I got a text from a mate of mine "fancy going to a gig tomorrow night"...

http://thefurnace.org.uk/gigs.htm#07

LMAO, no Tony James though, it's Martin Degville's "electro" reincarnation. I'm half tempted for the laugh.

The Furnace used to be called Level 3. One of Mark E Smith's (the Fall) famous noted (either Sounds or Melody Maker from the 80's, can't quite remember) quotes was along the lines of "We once played Level 3 at Swindon, I will never play Swindon again."

However they did, towards the end of the 90's and i went to see them. Mark E Smith turned up late, so late the band (minus the oh so sexy Brit E Smith at the time) played a couple of songs without him.
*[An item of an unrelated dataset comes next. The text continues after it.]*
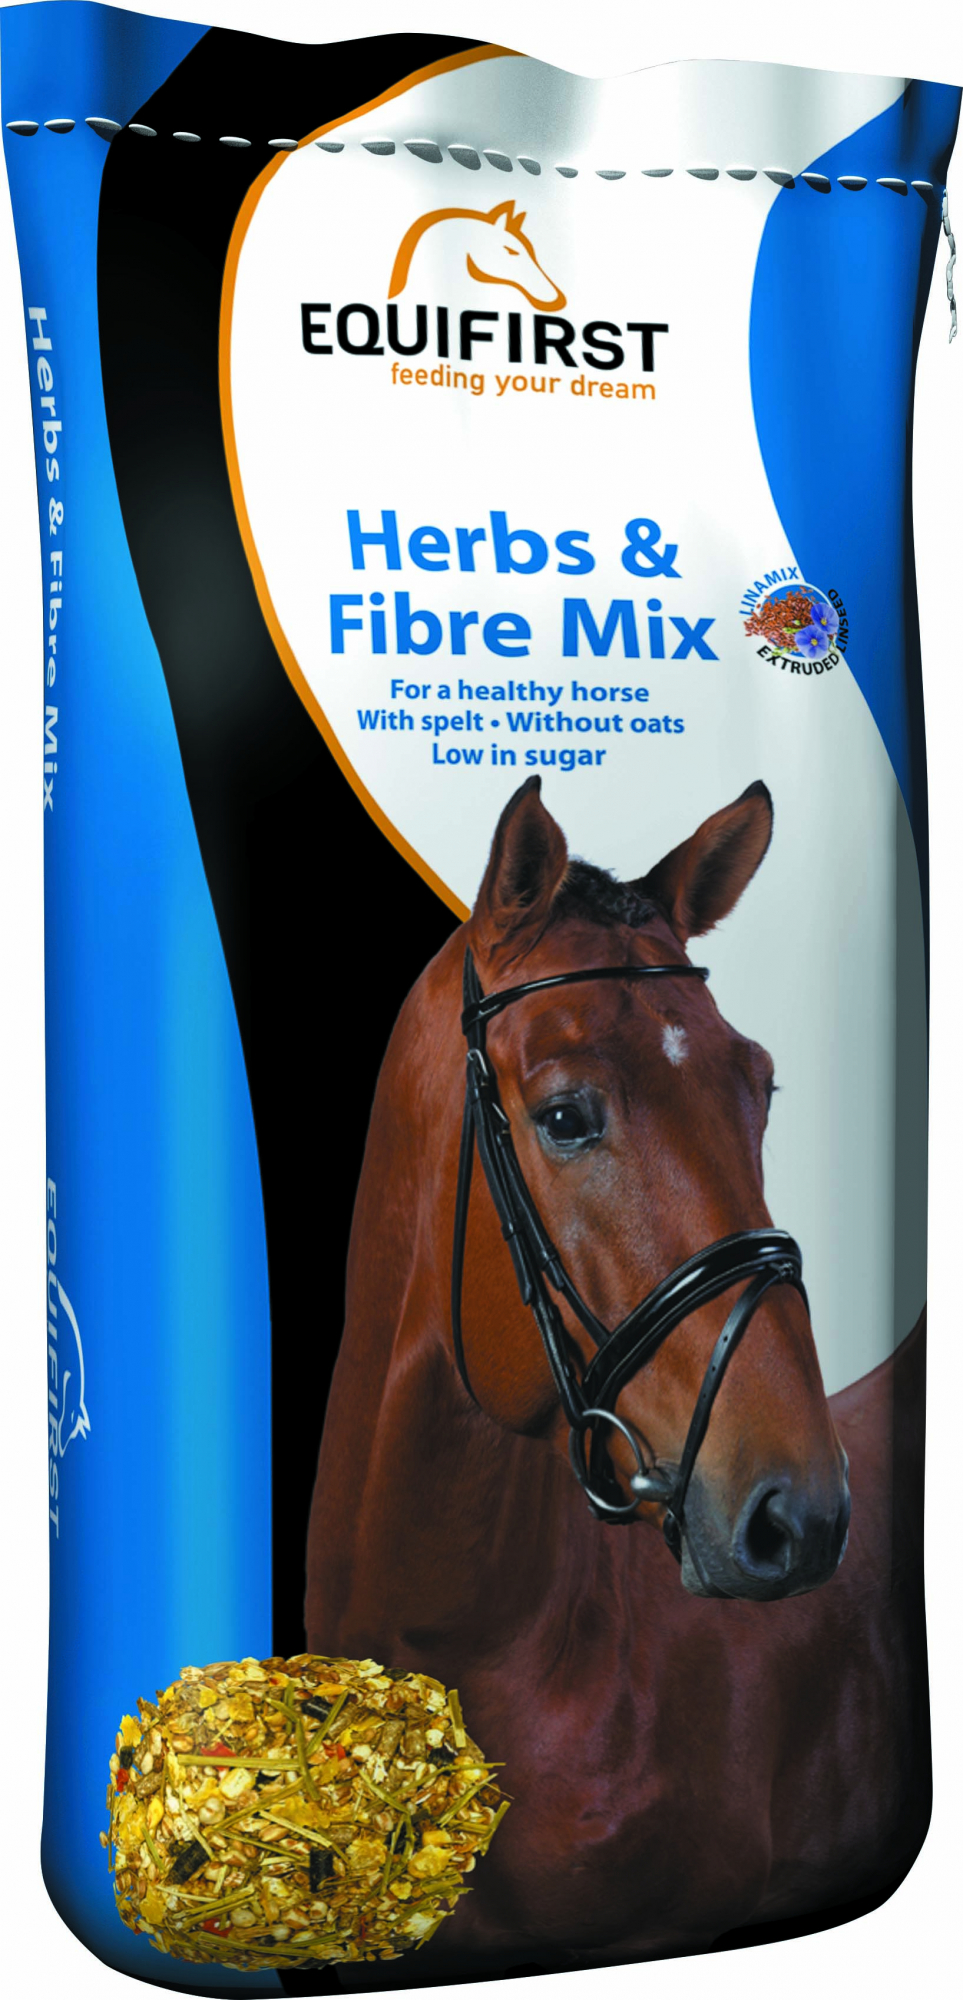 Equifirst Herbs & Fibre Mix mistura sem aveia para cavalos

When he did turn up, the gig was constantly disturbed by breaks, then he said something along the lines of "i recognise this place" then ****ed off! :lol: The band finally split not long after.


----------



## Auto Finesse (Jan 10, 2007)

Better than sitting at home on the sofa i guess?
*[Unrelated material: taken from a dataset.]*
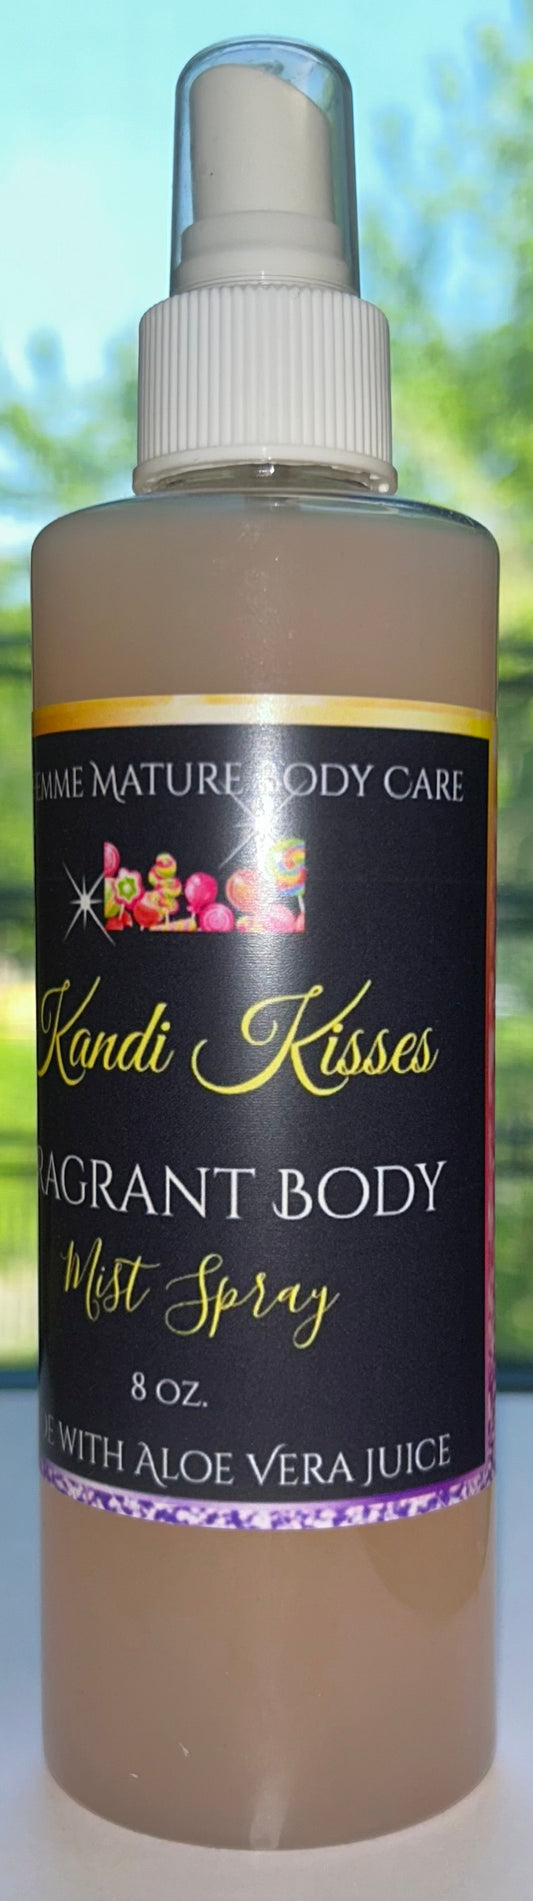 Kandi Kisses Fragrant Body Mist Spray

If not you can always duck out early and use the old "bumped in to a chick on the way to the bar" line so your mate dont feel hard done by


----------



## Shiny (Apr 23, 2007)

I'm sat watching Mad Max 2 in HD with a pint of Strongbow, the missus and kids are asleep, so the sofa ain't too bad an alternative at times 

I could do with a night out though, so i may just as well shoot it up with a sex bomb boogie and an F1-11 whilst grooving with Mr Pervert!


----------